◆ Given material ◆
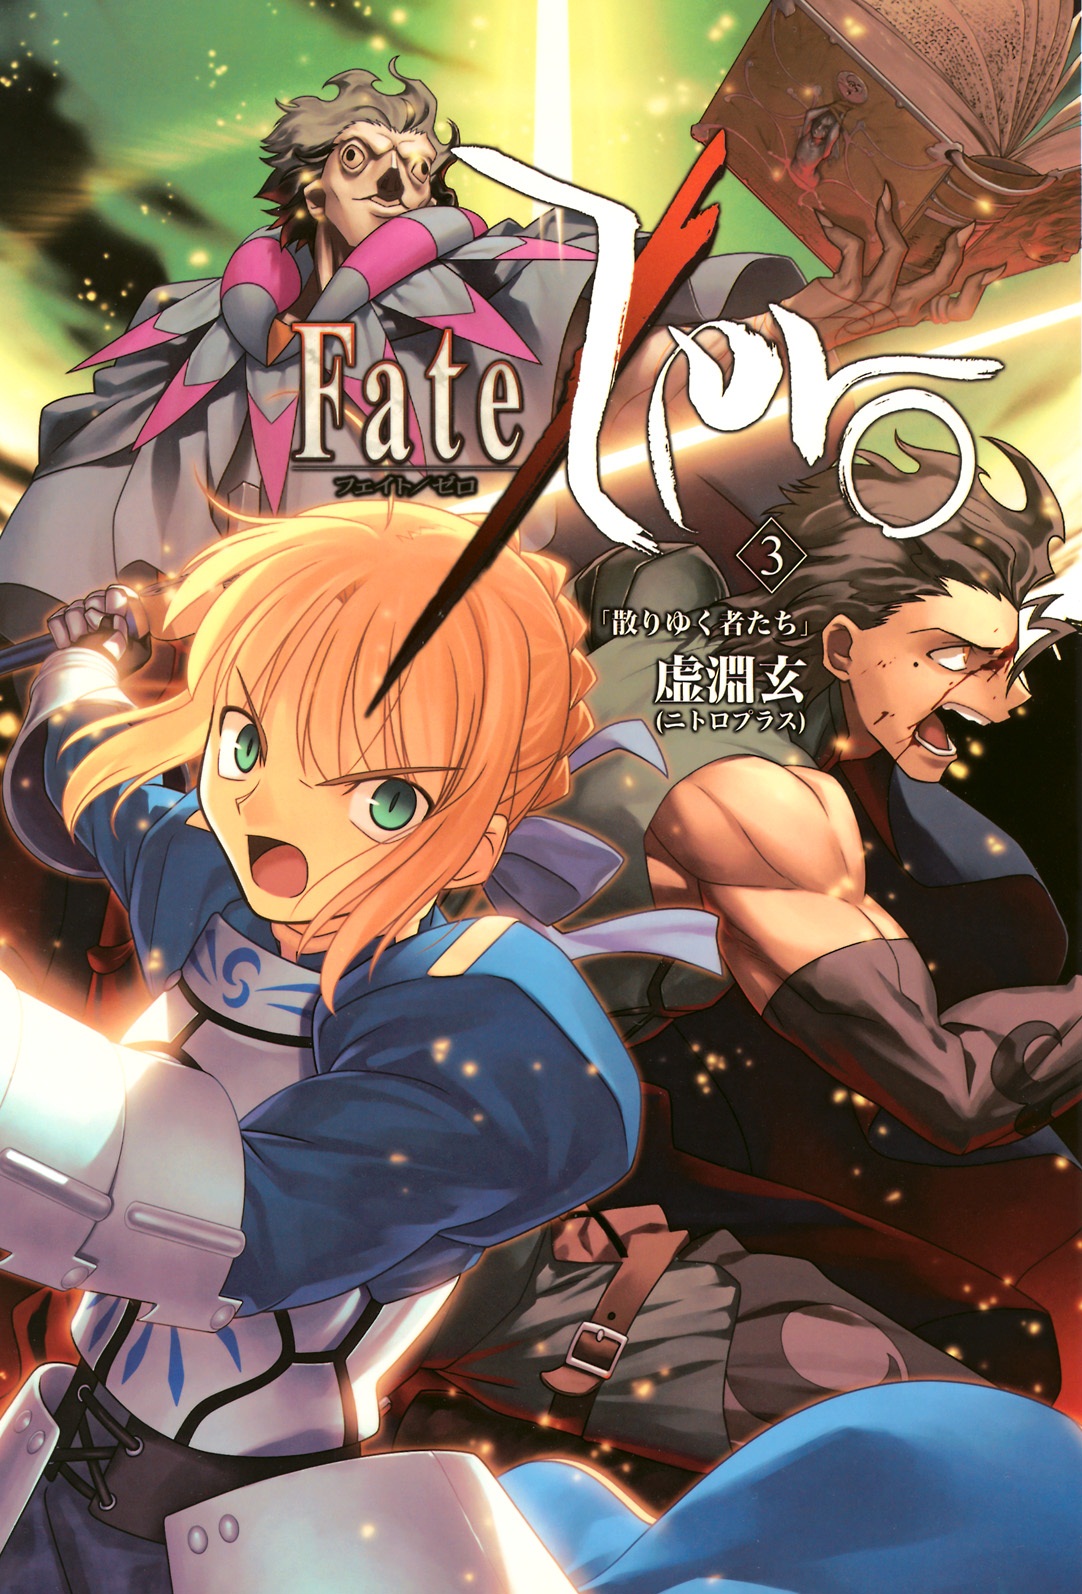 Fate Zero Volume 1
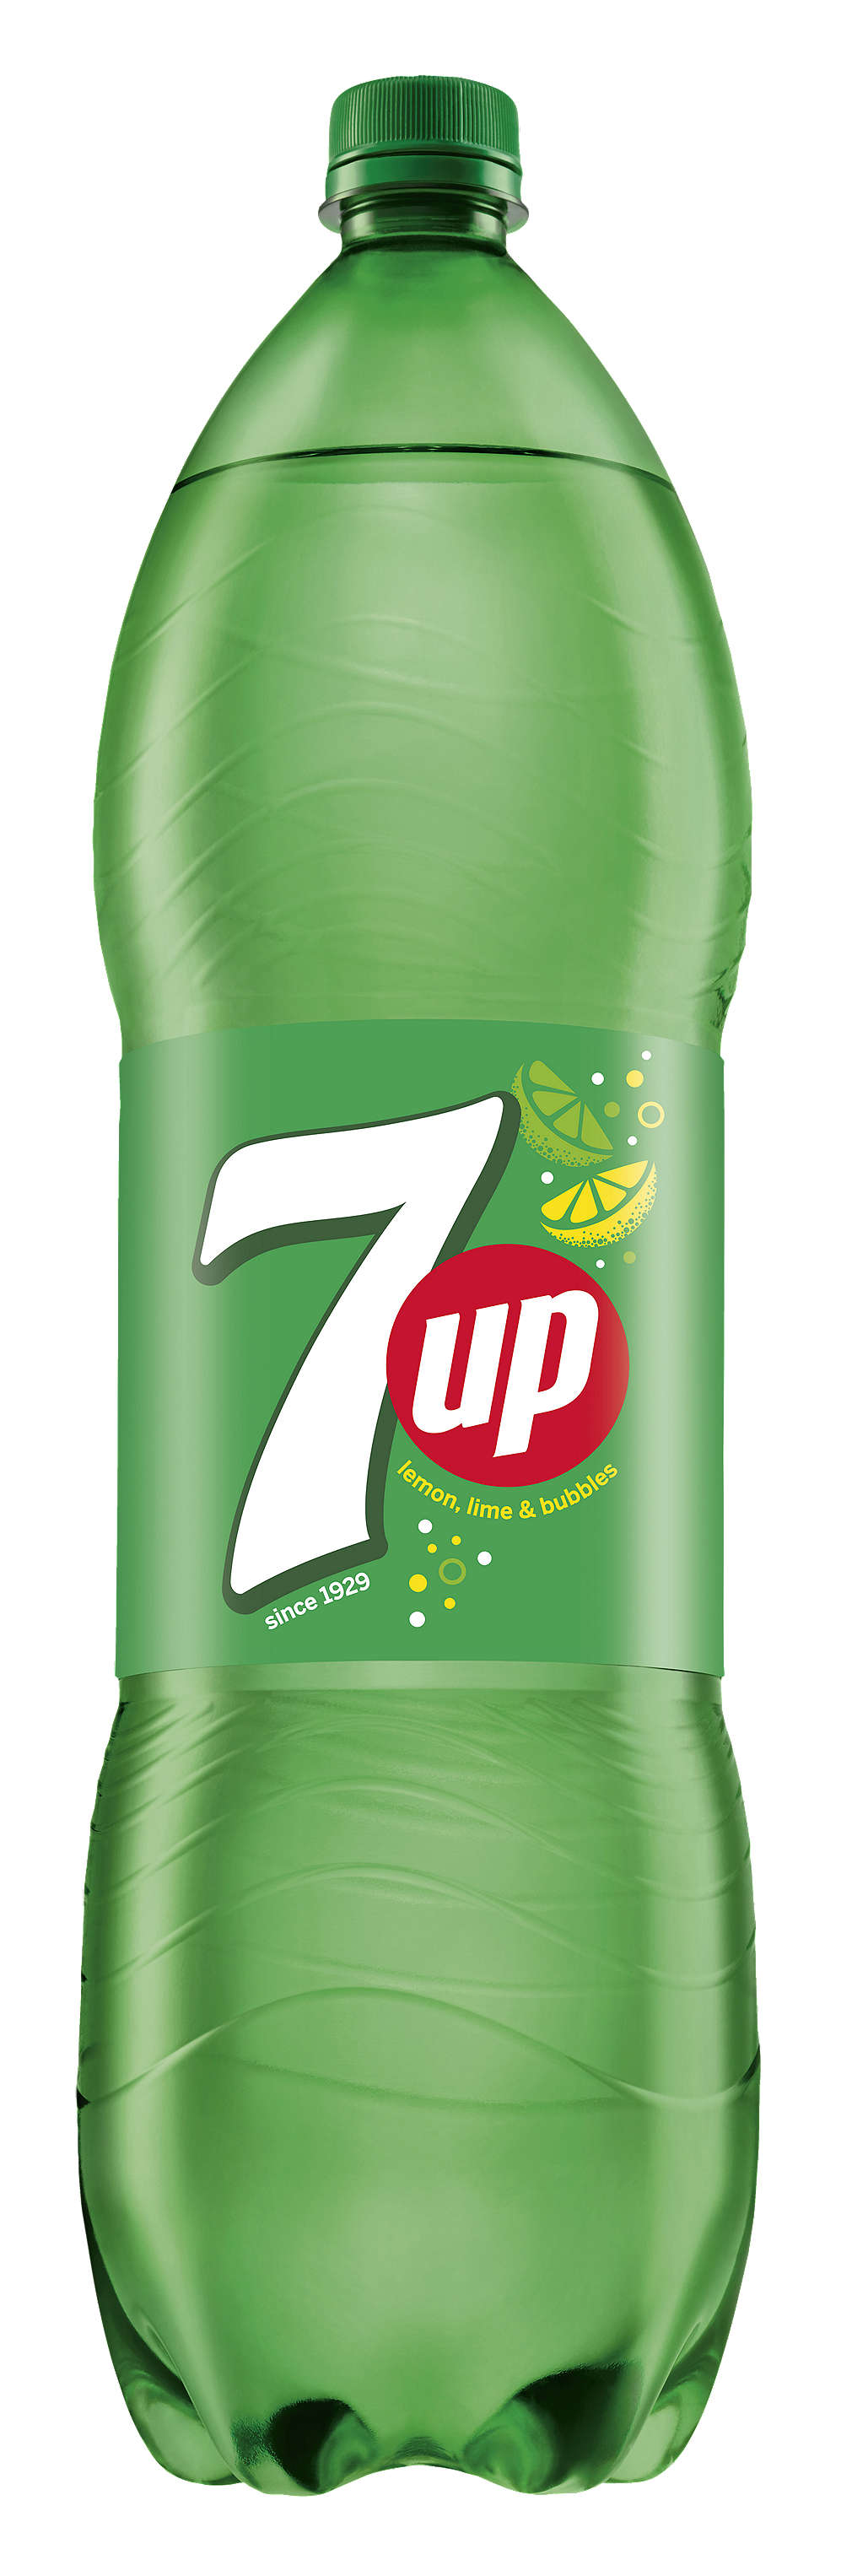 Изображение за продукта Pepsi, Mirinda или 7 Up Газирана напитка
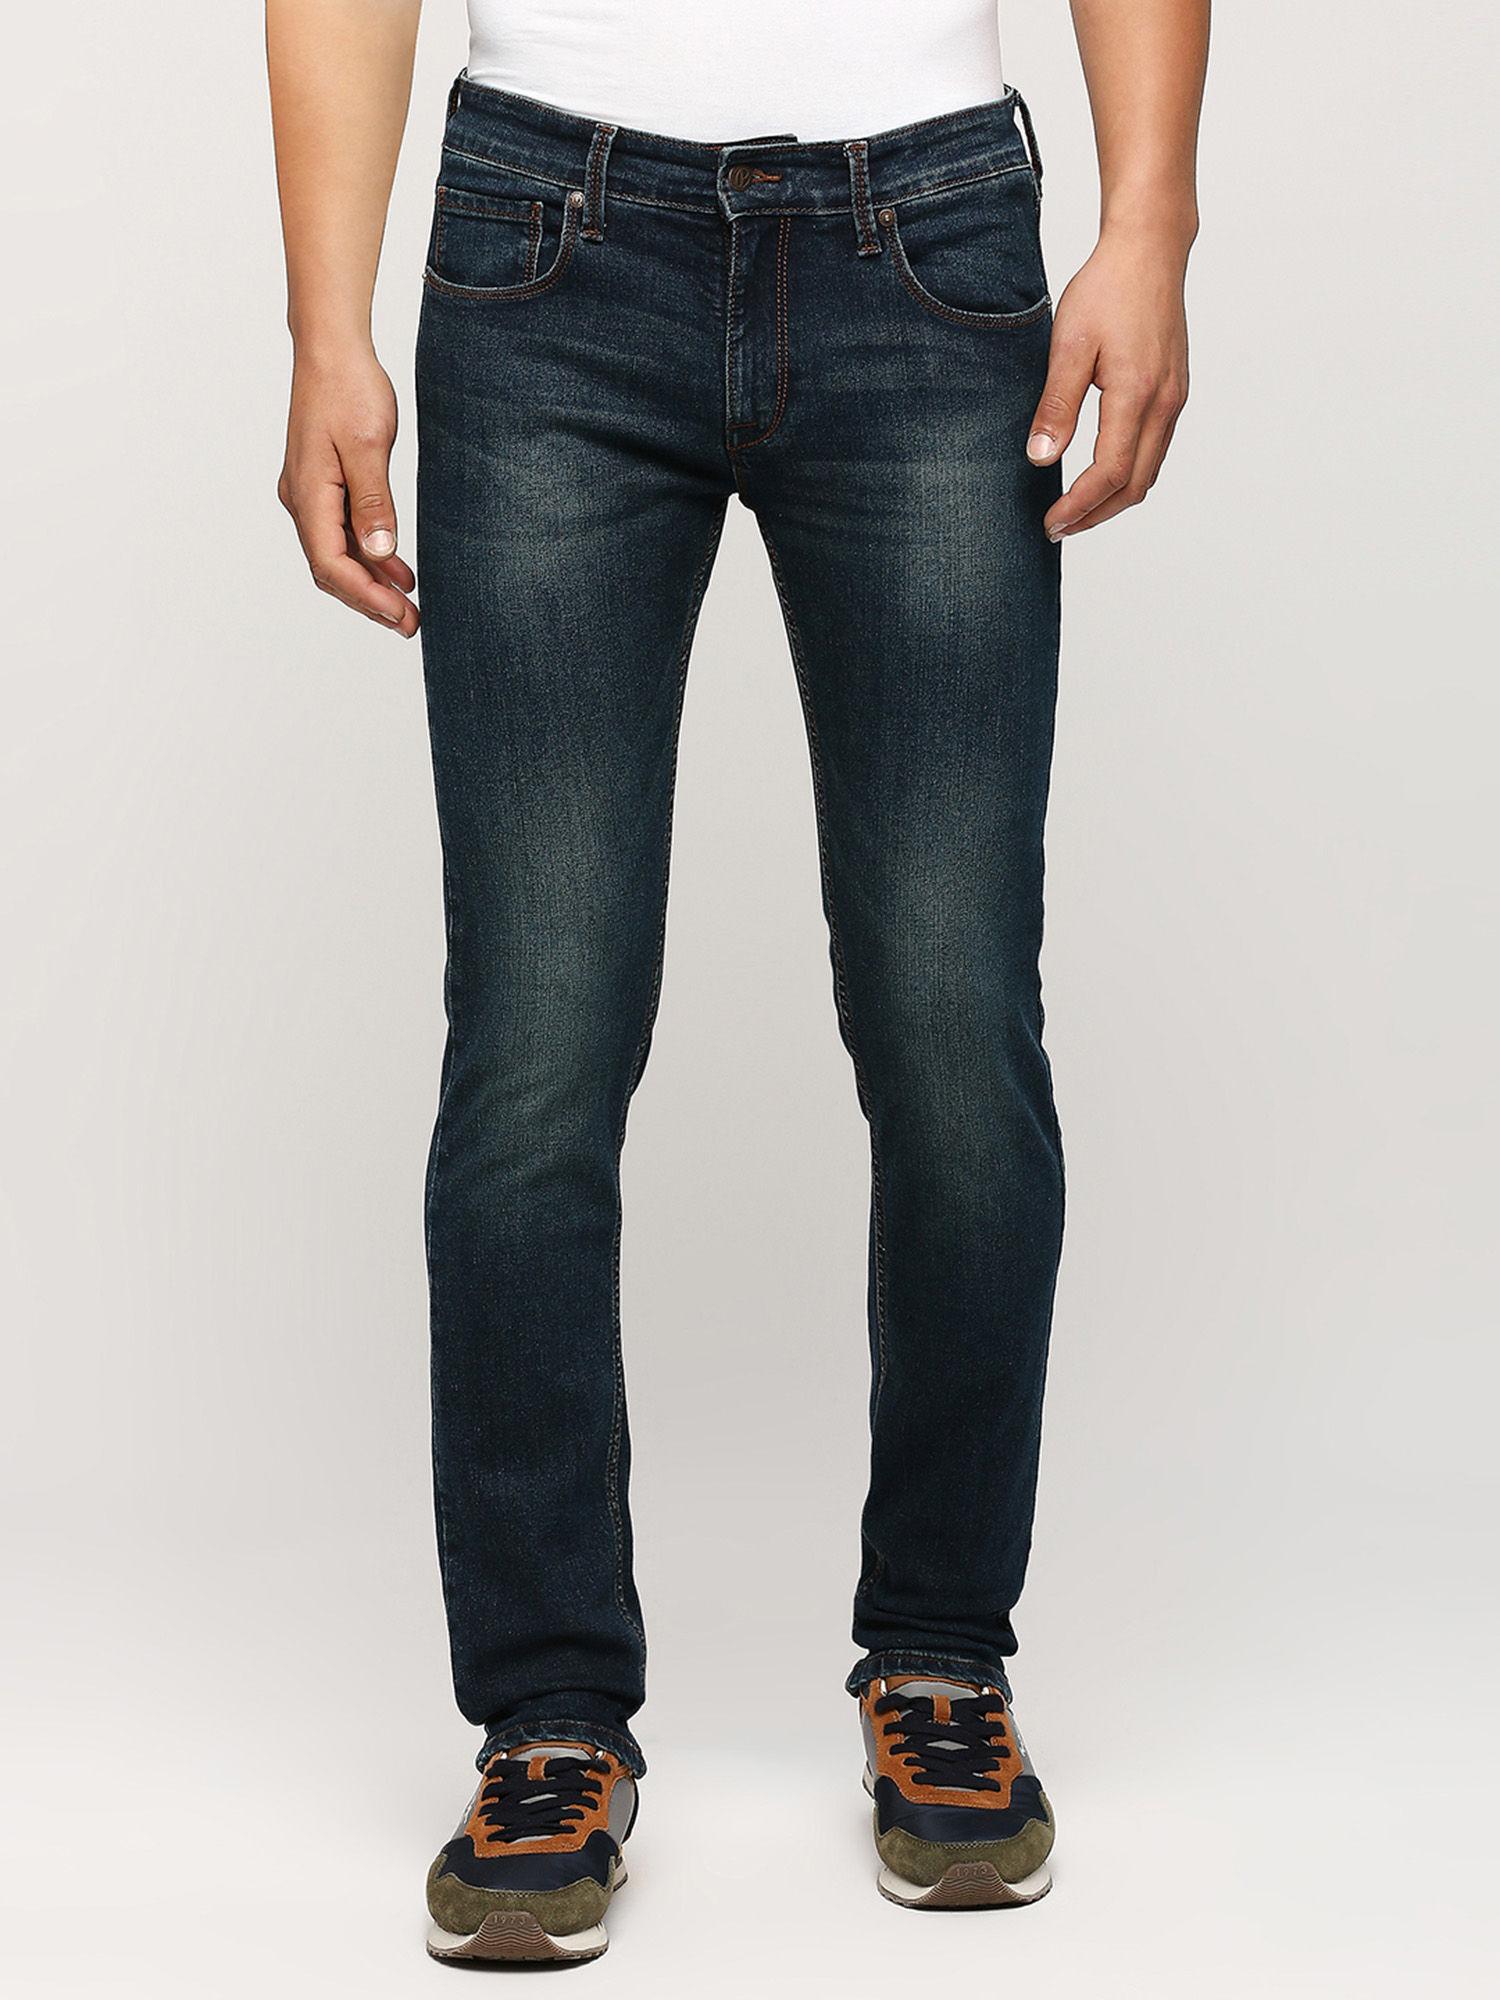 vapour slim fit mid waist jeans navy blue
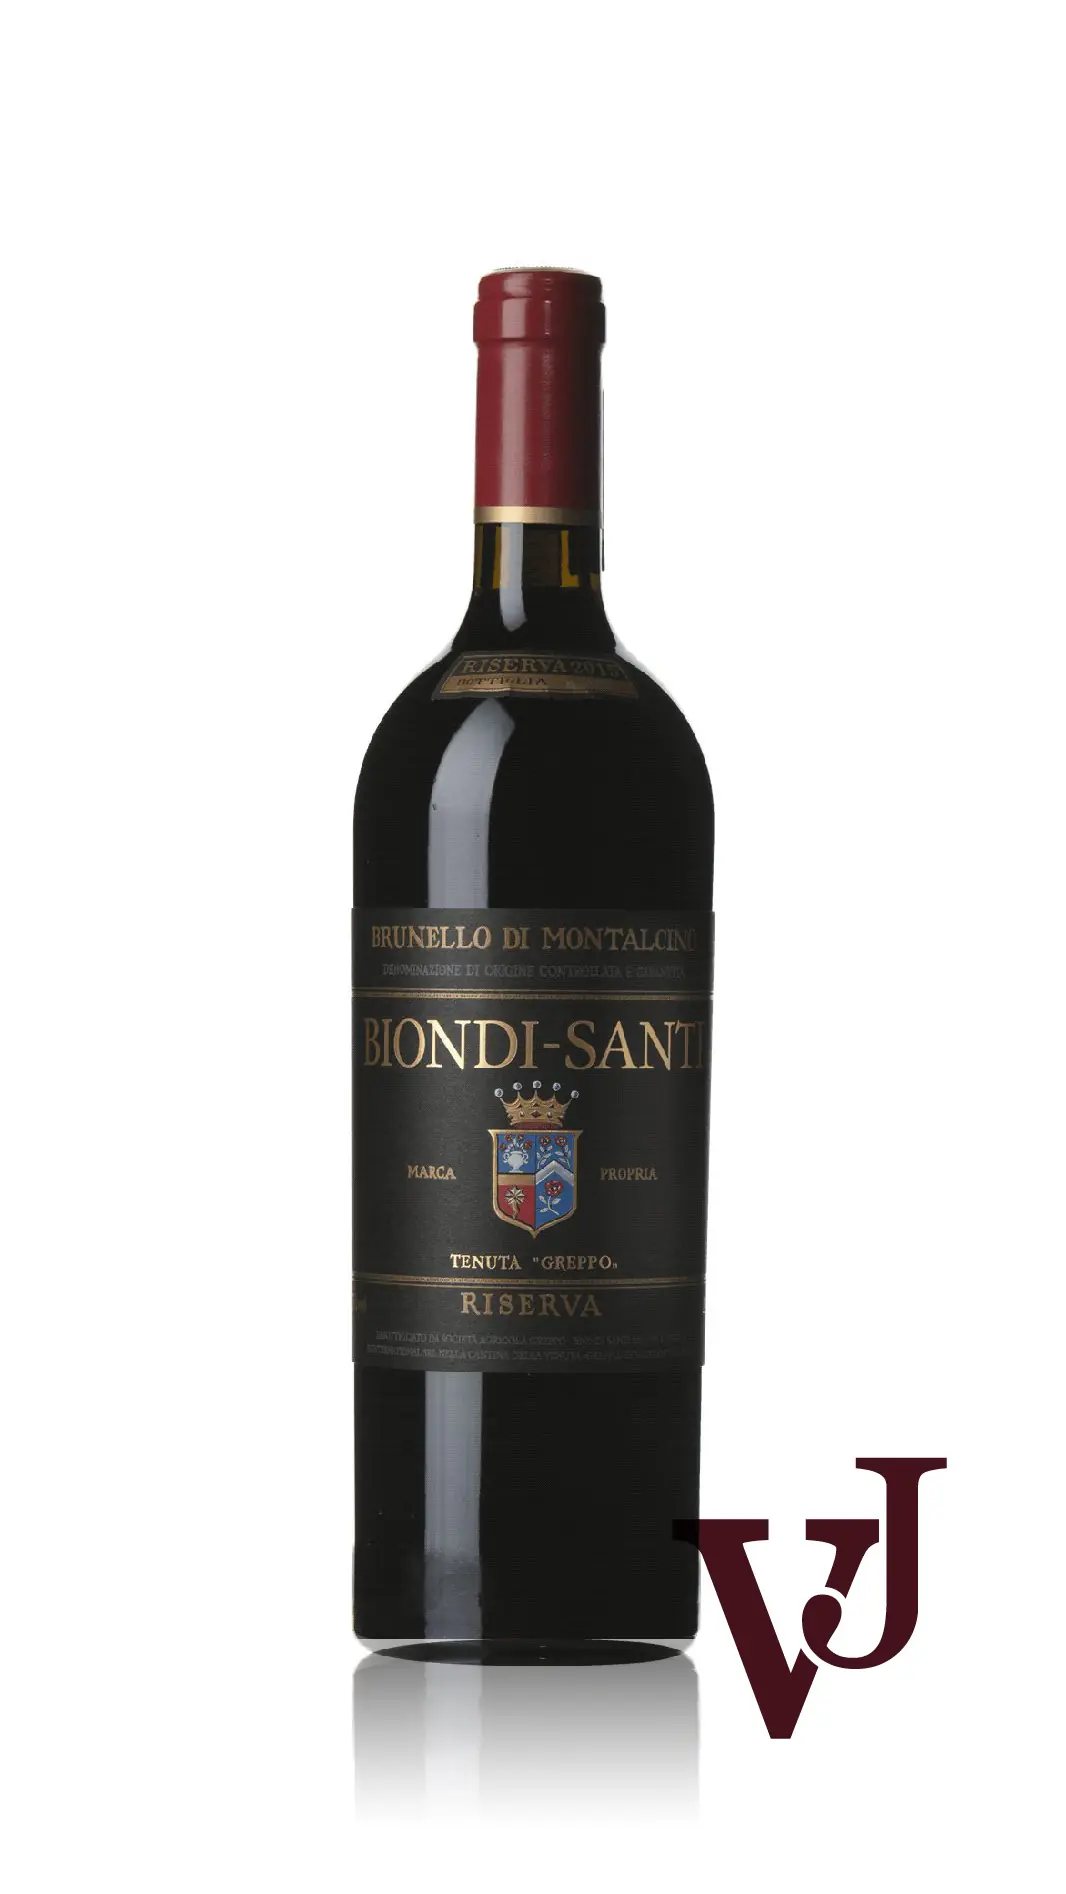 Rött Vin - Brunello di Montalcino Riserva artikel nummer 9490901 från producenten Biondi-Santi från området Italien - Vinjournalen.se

◆ Task instructions ◆
Set the pictures aside and reproduce the data above exactly.

◆ Answer to this problem ◆
 Fate Zero Volume 1
 Изображение за продукта Pepsi, Mirinda или 7 Up Газирана напитка
 vapour slim fit mid waist jeans navy blue
 Rött Vin - Brunello di Montalcino Riserva artikel nummer 9490901 från producenten Biondi-Santi från området Italien - Vinjournalen.se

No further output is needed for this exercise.